The accuracy of those 16 words would be debated for years.
_ GREENBRIER
It's not a movie, but there's an actual venue designed to host all of Congress, a four-hour drive west of the White House.
The Greenbrier resort in White Sulphur Springs, W.Va., has an underground bunker big enough to accommodate Congress because it was built as a hideout for Congress in case of nuclear war.
The existence of the bunker is no longer classified, and 90-minute tours are offered for $39 per person. Lawmakers often hold retreats at Greenbrier.
_ "IDIOCRACY"
The 2006 satire stars Luke Wilson as a soldier who wakes up 500 years in the future after a military experiment gone awry.

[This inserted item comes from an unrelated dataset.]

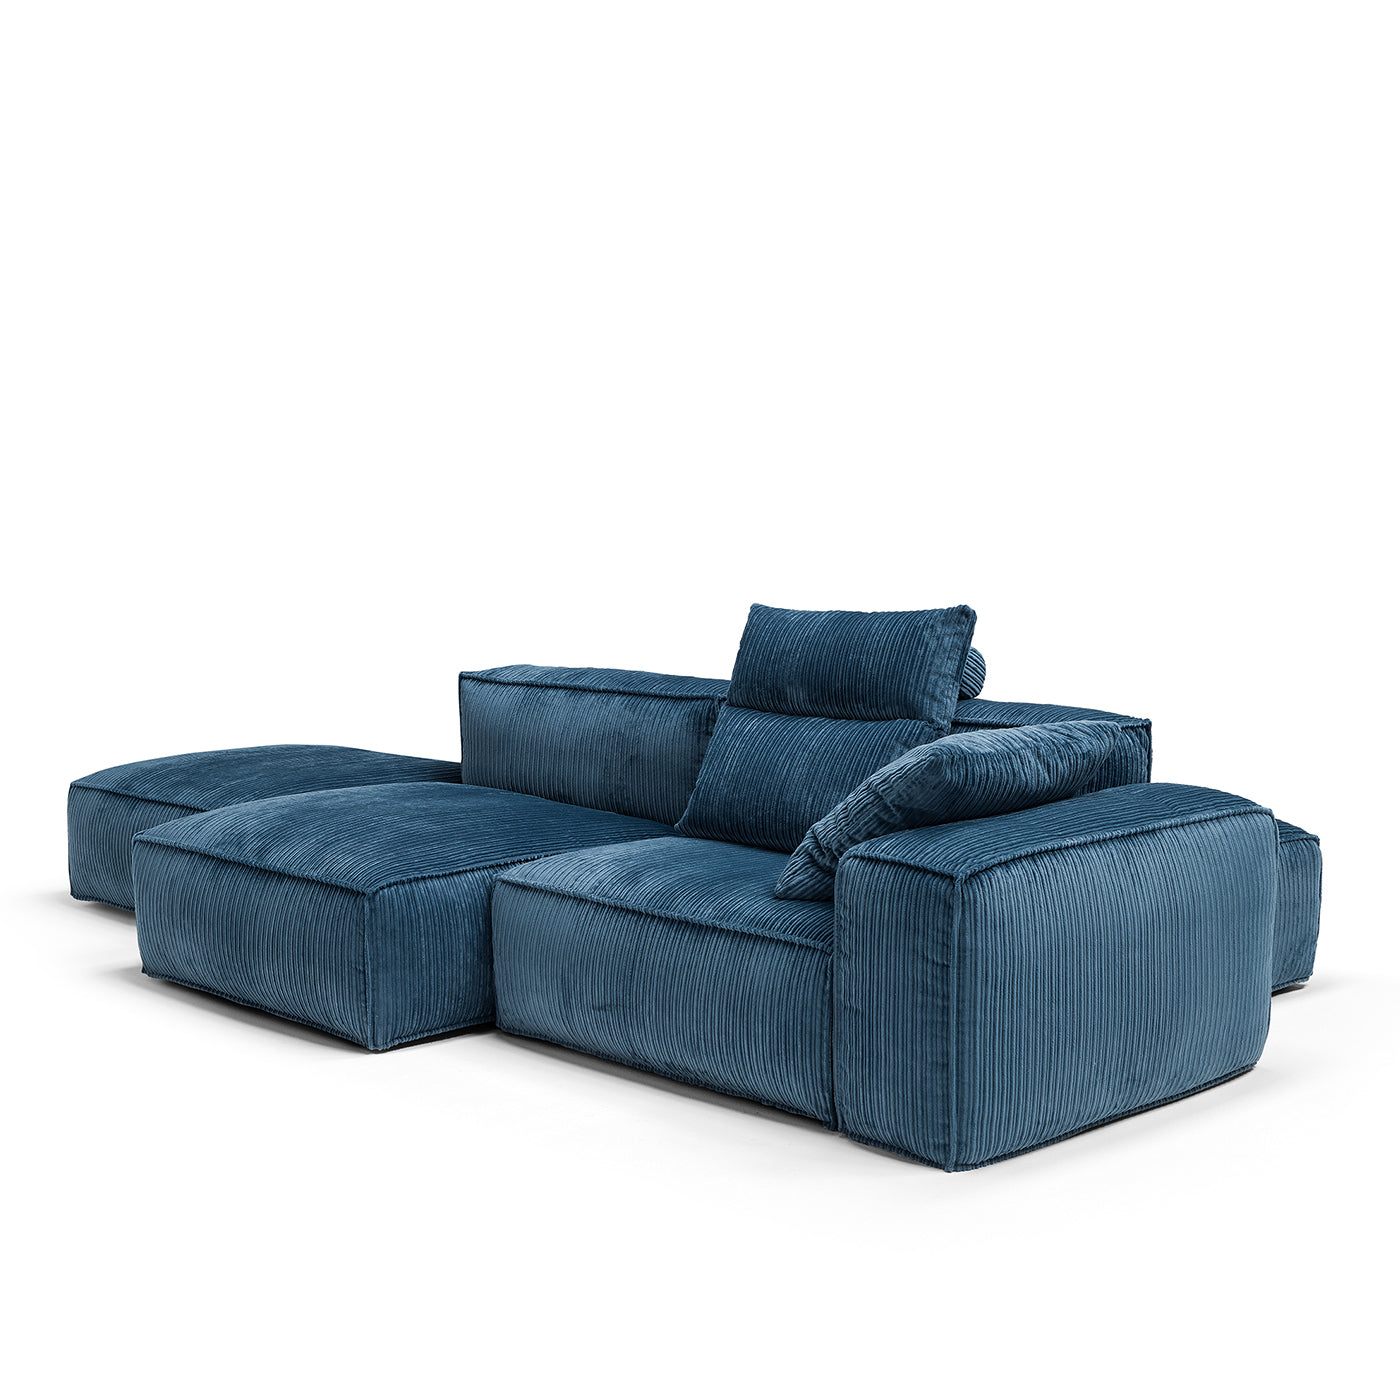 Astor Blue Sofa - Alternative view 1

Society has fallen apart thanks to fast food and reality TV. Famine has taken hold because advertising for the energy drink Brawndo has been so effective _ "Water is for toilets" _ that crops are failing. But Wilson, a dumb guy, in his own time, is now the most intelligent person alive. Spoiler alert: he eventually becomes president.
The movie was shot in Austin and other parts of Central Texas. There's a presidential address before the House of Representin' in which President Camacho, played by Terry Crews, brandishes a machine gun. Wherever that was filmed, it definitely wasn't the U.S. Capitol.